** TASK TO CARRY OUT **
Restate the listing below line for line and word for word, without the pictures.

** COLLECTED MATERIAL **

══════════

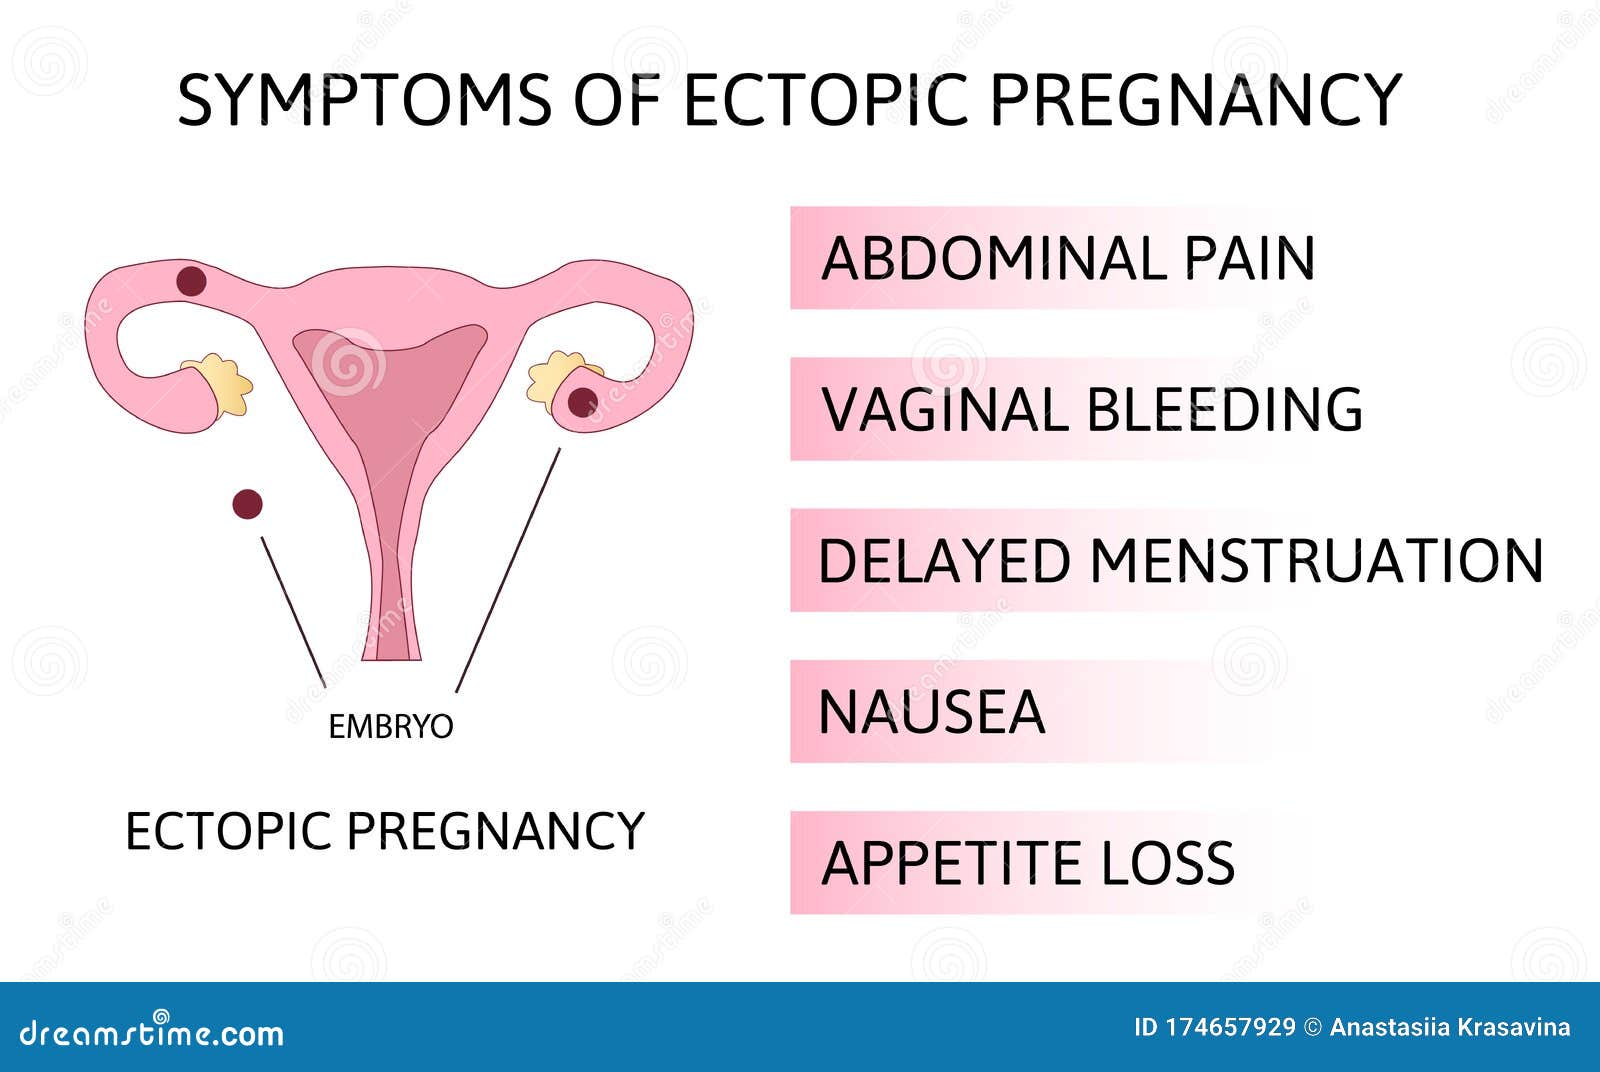 Signs and symptoms of Ectopic pregnancy
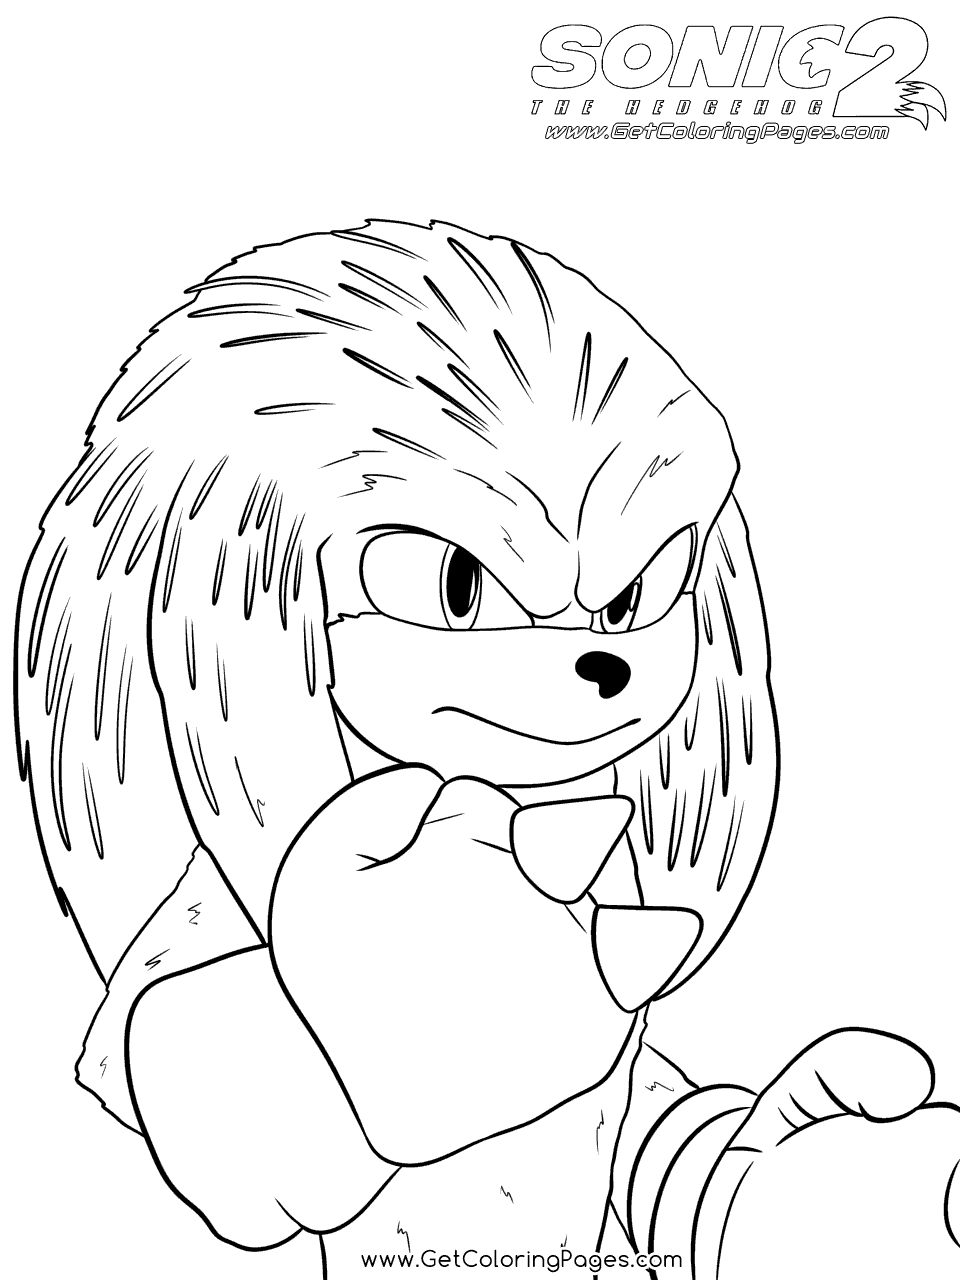 Sonic 2 Movie Coloring Pages Sonic Knuckles - Get Coloring Pages
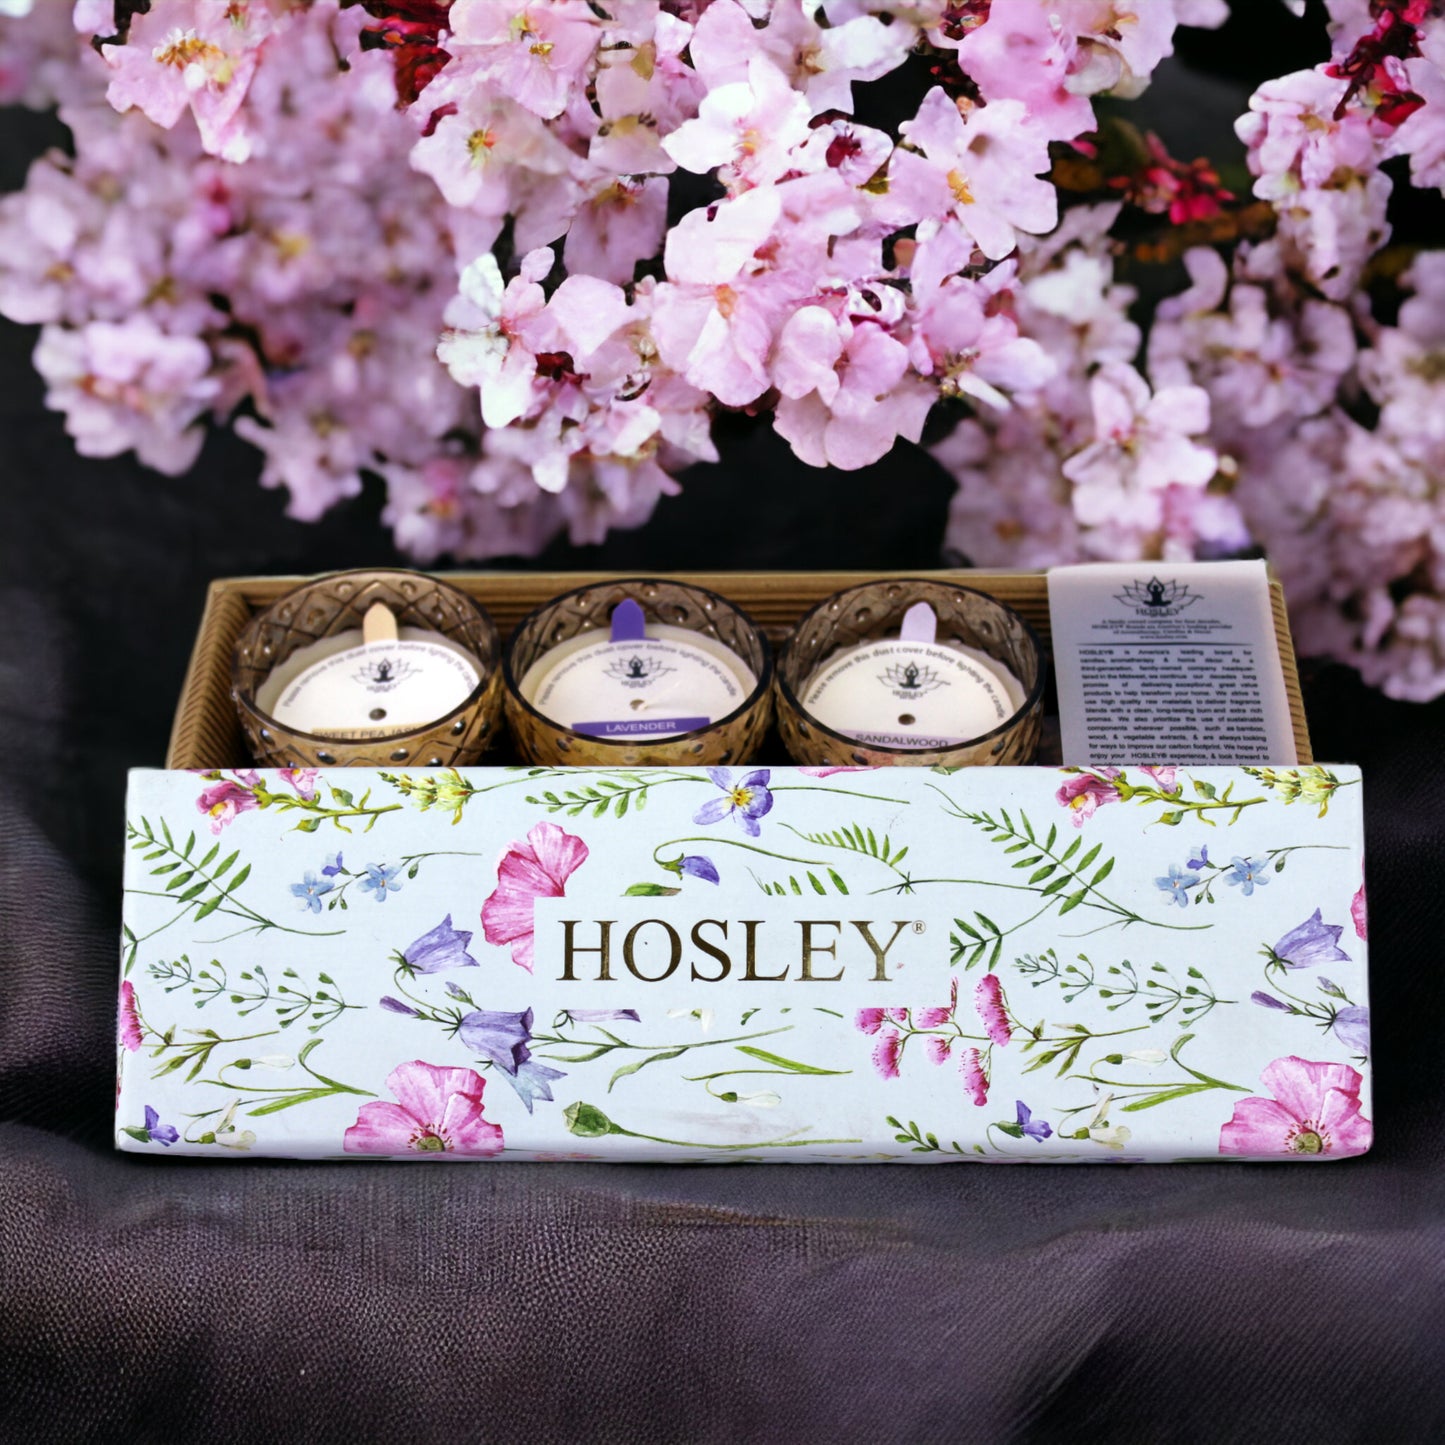 Hosley® 4 In 1 Gift Box - Scented Gold Glass Candles with Ceramic Incense Stick Holder, Rose Petals and Dragon Blood Incense Sticks

══════════

** WRITTEN SOLUTION **
 Signs and symptoms of Ectopic pregnancy
 Sonic 2 Movie Coloring Pages Sonic Knuckles - Get Coloring Pages
 Hosley® 4 In 1 Gift Box - Scented Gold Glass Candles with Ceramic Incense Stick Holder, Rose Petals and Dragon Blood Incense Sticks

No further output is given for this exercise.